Microbiological outcome of complicated urinary tract infections treated with levofloxacin: a pharmacokinetic/pharmacodynamic analysis.

The pharmacodynamic targets representing 90% probability thresholds for bacterial eradication were determined in patients with complicated urinary tract infections (UTIs) treated with 500mg of levofloxacin every 24h for 7-14 days. Of 241 pre-treatment strains from 156 patients, 21 strains persisted after treatment. In each patient, plasma concentrations of levofloxacin were simulated based on population pharmacokinetic parameters and patient-specific data. Minimum inhibitory concentrations (MICs) of levofloxacin for the pre-treatment strains determined in our previous study were used. The pharmacodynamic targets representing 90% probability thresholds for bacterial eradication were determined by logistic regression analyses.

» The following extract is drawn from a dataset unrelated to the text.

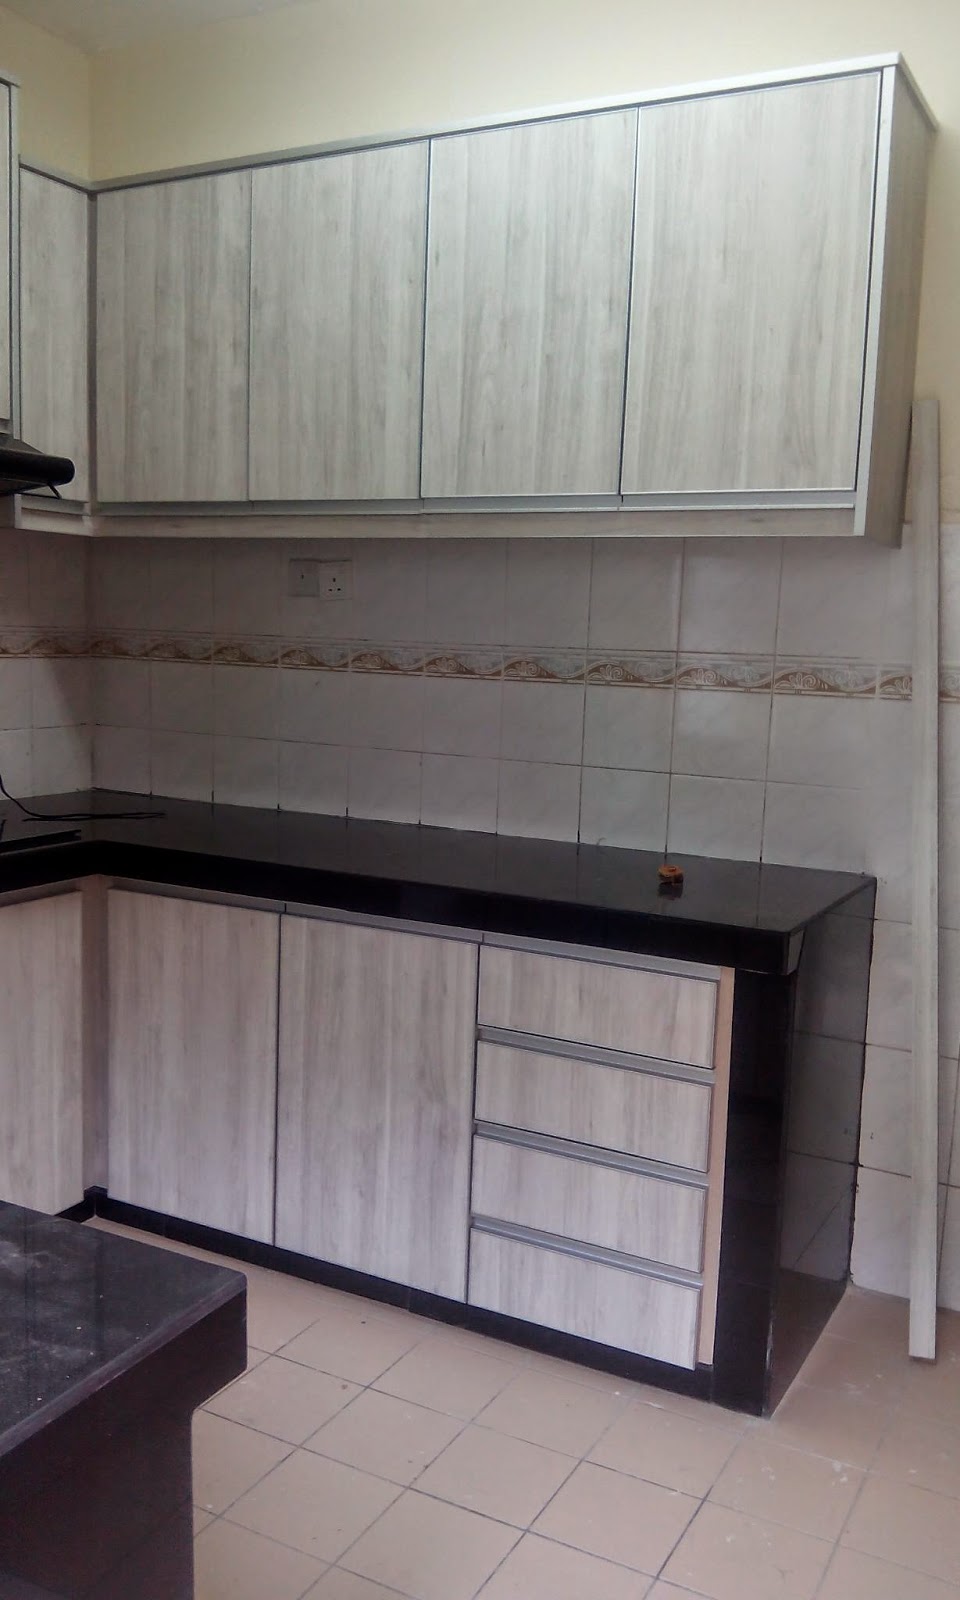  kabinet  dapur terus dari kilang Kabinet  dapur 2014 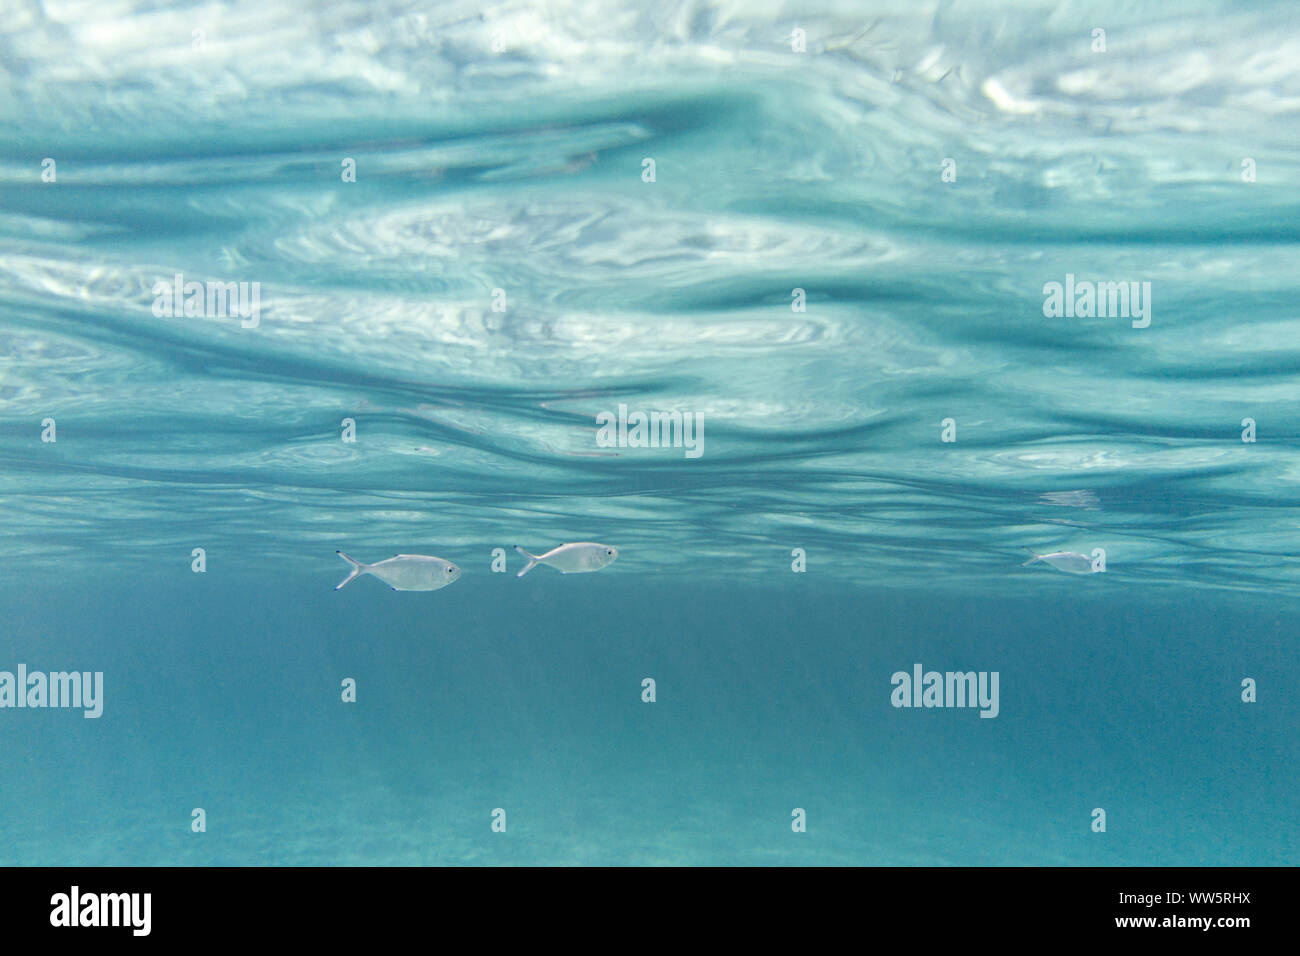 Underwater landscape around the Mediterranean island Formentera, Stock Photo

For all the isolates, Gram-negative bacilli, Gram-positive cocci, Escherichia coli and Enterococcus faecalis, the target values of the area under the concentration-time curve (AUC)/MIC were 14.65, 31.46, 4.85, 43.00 and 3.06, respectively, and the targets of the maximum plasma concentration (C(max))/MIC were 1.22, 2.74, 0.39, 3.61 and 0.25, respectively. Such thresholds of AUC/MIC and C(max)/MIC in complicated UTIs would be lower than those in infections of other sites. In particular, the C(max)/MIC thresholds for Gram-positive cocci and E. faecalis were <1. These findings suggested that, in addition to its plasma concentration, the high concentration of levofloxacin in the urine might play a role in eradicating bacteria.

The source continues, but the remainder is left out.